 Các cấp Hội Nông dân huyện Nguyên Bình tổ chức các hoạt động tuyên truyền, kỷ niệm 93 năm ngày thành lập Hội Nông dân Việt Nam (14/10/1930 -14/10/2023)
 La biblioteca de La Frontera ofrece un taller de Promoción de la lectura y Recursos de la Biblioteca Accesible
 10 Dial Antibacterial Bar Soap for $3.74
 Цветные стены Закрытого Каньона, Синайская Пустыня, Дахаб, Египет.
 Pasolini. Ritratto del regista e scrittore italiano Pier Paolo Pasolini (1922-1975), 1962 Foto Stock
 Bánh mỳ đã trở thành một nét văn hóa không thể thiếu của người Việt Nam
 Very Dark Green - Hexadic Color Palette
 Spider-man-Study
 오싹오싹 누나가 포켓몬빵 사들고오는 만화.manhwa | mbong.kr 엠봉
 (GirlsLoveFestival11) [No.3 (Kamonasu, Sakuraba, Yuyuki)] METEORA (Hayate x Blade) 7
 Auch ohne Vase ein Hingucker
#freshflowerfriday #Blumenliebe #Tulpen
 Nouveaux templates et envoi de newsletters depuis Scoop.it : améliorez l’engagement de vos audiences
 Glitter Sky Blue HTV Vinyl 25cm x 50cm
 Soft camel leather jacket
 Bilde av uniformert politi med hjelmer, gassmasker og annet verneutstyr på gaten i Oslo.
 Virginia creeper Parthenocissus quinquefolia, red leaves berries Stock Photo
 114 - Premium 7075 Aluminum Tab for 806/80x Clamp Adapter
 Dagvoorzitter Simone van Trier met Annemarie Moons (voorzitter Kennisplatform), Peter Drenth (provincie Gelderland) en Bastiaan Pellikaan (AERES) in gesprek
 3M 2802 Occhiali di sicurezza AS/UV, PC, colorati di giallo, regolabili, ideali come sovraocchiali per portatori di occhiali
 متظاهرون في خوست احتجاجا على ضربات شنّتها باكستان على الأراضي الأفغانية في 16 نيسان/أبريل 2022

______________________________

Write out the entries above word for word.

 Các cấp Hội Nông dân huyện Nguyên Bình tổ chức các hoạt động tuyên truyền, kỷ niệm 93 năm ngày thành lập Hội Nông dân Việt Nam (14/10/1930 -14/10/2023)
 La biblioteca de La Frontera ofrece un taller de Promoción de la lectura y Recursos de la Biblioteca Accesible
 10 Dial Antibacterial Bar Soap for $3.74
 Цветные стены Закрытого Каньона, Синайская Пустыня, Дахаб, Египет.
 Pasolini. Ritratto del regista e scrittore italiano Pier Paolo Pasolini (1922-1975), 1962 Foto Stock
 Bánh mỳ đã trở thành một nét văn hóa không thể thiếu của người Việt Nam
 Very Dark Green - Hexadic Color Palette
 Spider-man-Study
 오싹오싹 누나가 포켓몬빵 사들고오는 만화.manhwa | mbong.kr 엠봉
 (GirlsLoveFestival11) [No.3 (Kamonasu, Sakuraba, Yuyuki)] METEORA (Hayate x Blade) 7
 Auch ohne Vase ein Hingucker
#freshflowerfriday #Blumenliebe #Tulpen
 Nouveaux templates et envoi de newsletters depuis Scoop.it : améliorez l’engagement de vos audiences
 Glitter Sky Blue HTV Vinyl 25cm x 50cm
 Soft camel leather jacket
 Bilde av uniformert politi med hjelmer, gassmasker og annet verneutstyr på gaten i Oslo.
 Virginia creeper Parthenocissus quinquefolia, red leaves berries Stock Photo
 114 - Premium 7075 Aluminum Tab for 806/80x Clamp Adapter
 Dagvoorzitter Simone van Trier met Annemarie Moons (voorzitter Kennisplatform), Peter Drenth (provincie Gelderland) en Bastiaan Pellikaan (AERES) in gesprek
 3M 2802 Occhiali di sicurezza AS/UV, PC, colorati di giallo, regolabili, ideali come sovraocchiali per portatori di occhiali
 متظاهرون في خوست احتجاجا على ضربات شنّتها باكستان على الأراضي الأفغانية في 16 نيسان/أبريل 2022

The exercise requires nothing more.